Coastal Asia most at risk, says UN

By Robin McKie

Rising sea levels from global warming only one of the problems likely to face hundreds of millions of people.

According to the scientists who have written the draft report, hundreds of millions of people will be affected. Photo / AP
According to the scientists who have written the draft report, hundreds of millions of people will be affected. Photo / AP

People in coastal regions of Asia, particularly those living in cities, could face some of the worst effects of global warming, climate experts will warn this week.

Hundreds of millions of people are likely to lose their homes as flooding, famine and rising sea levels sweep the region, one of the most vulnerable on Earth to the impact of global warming, the United Nations says.

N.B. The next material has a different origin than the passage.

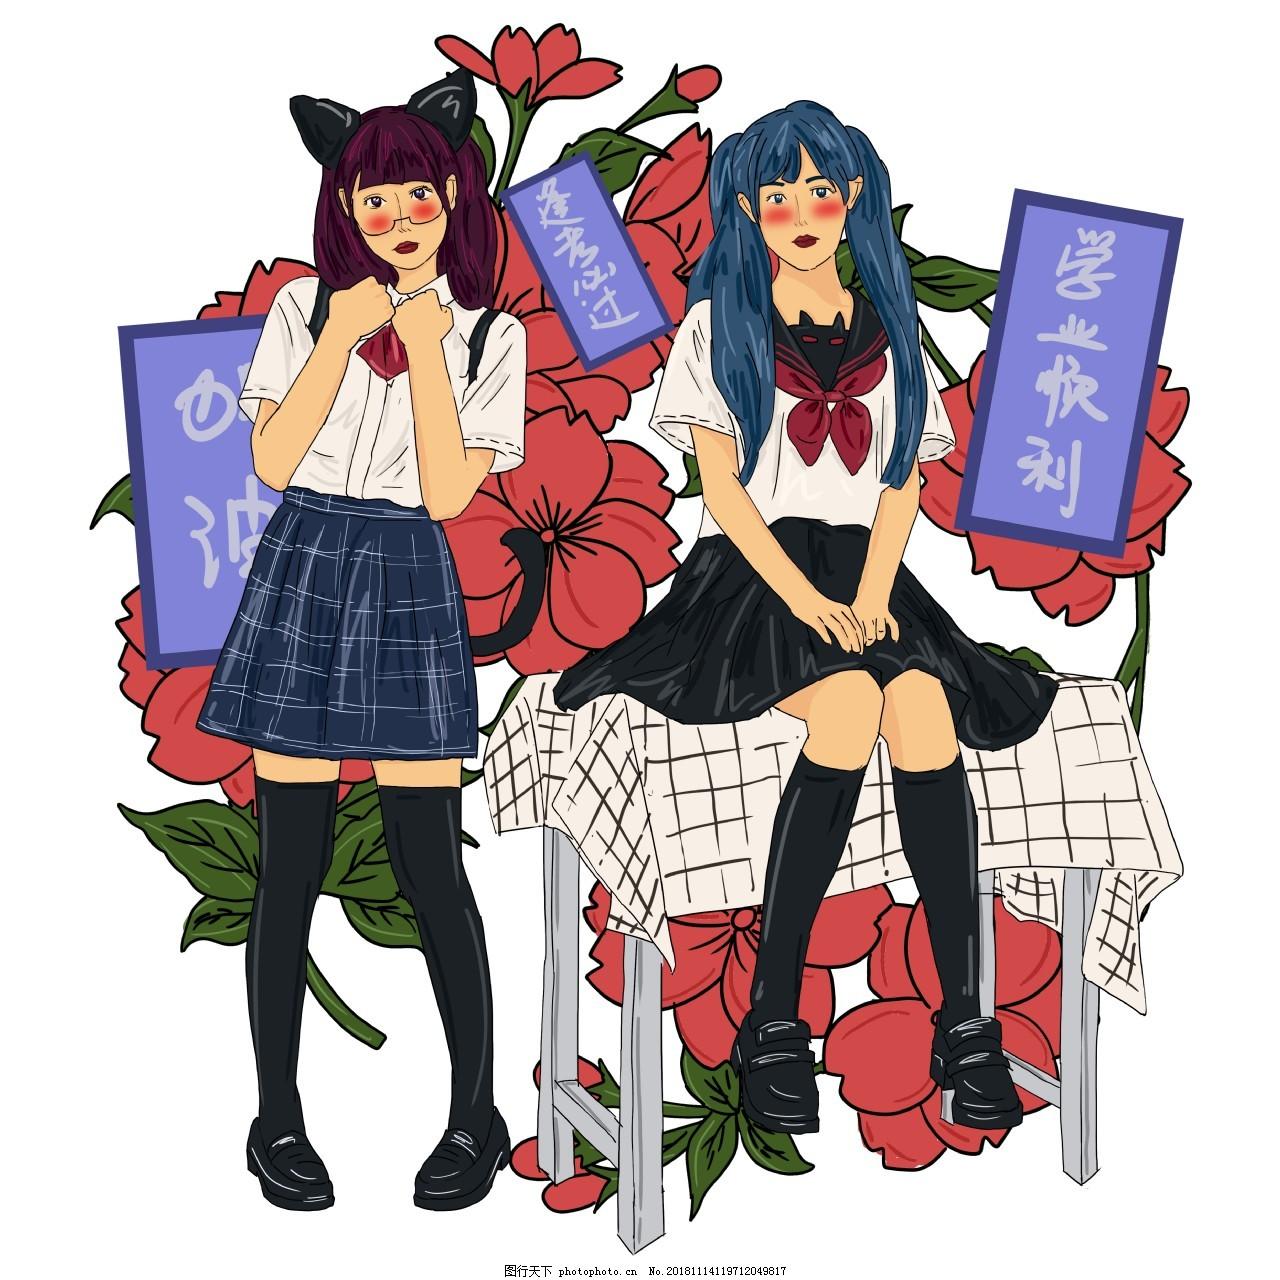 逢考必过日系小清新美女插图,姐妹,闺蜜,短发女孩,双马尾女孩,水手服,校服

The report - Climate Change 2014: Impacts, Adaptation and Vulnerability - makes it clear that for the first half of this century people living in developing countries in low latitudes, in crowded cities, particularly along the coast of Asia, will suffer the most climate change, triggered by rising carbon dioxide levels in the atmosphere.

A final draft of the report will be debated by a panel of scientists set up by the Intergovernmental Panel on Climate Change this week at a meeting in Yokohama, Japan, and will form a key part of IPCC's fifth assessment report on global warming whose other sections will be published this year.

According to the scientists who have written the draft report, hundreds of millions of people will be affected by coastal flooding and land loss as global temperatures rise, icecaps melt and sea levels rise.

"The majority of it will be in east, southeast and south Asia. Some small island states are expected to face very high impacts."

In addition, the report warns that cities also face particular problems.

"Heat stress, extreme precipitation, inland and coastal flooding, as well as drought and water scarcity, pose risks in urban areas with risks amplified for those lacking essential infrastructure and services or living in exposed areas."

The report adds that this latter forecast is made with very high confidence.

In addition, climate change will slow down economic growth, further erode food security and trigger new poverty traps particularly "in urban areas and emerging hotspots of hunger", it is argued. This combination of a high-risk region and the special vulnerability of cities, make coastal Asian urban centres likely flashpoints for future conflict and hardship as the planet warms up.

The authors warn that some other climate change effects will be global.

"Climate change throughout the 21st century will lead to increases in ill-health in many regions, as compared to a baseline without climate change," it states. Other potential crises include the likelihood that crop yields will fall.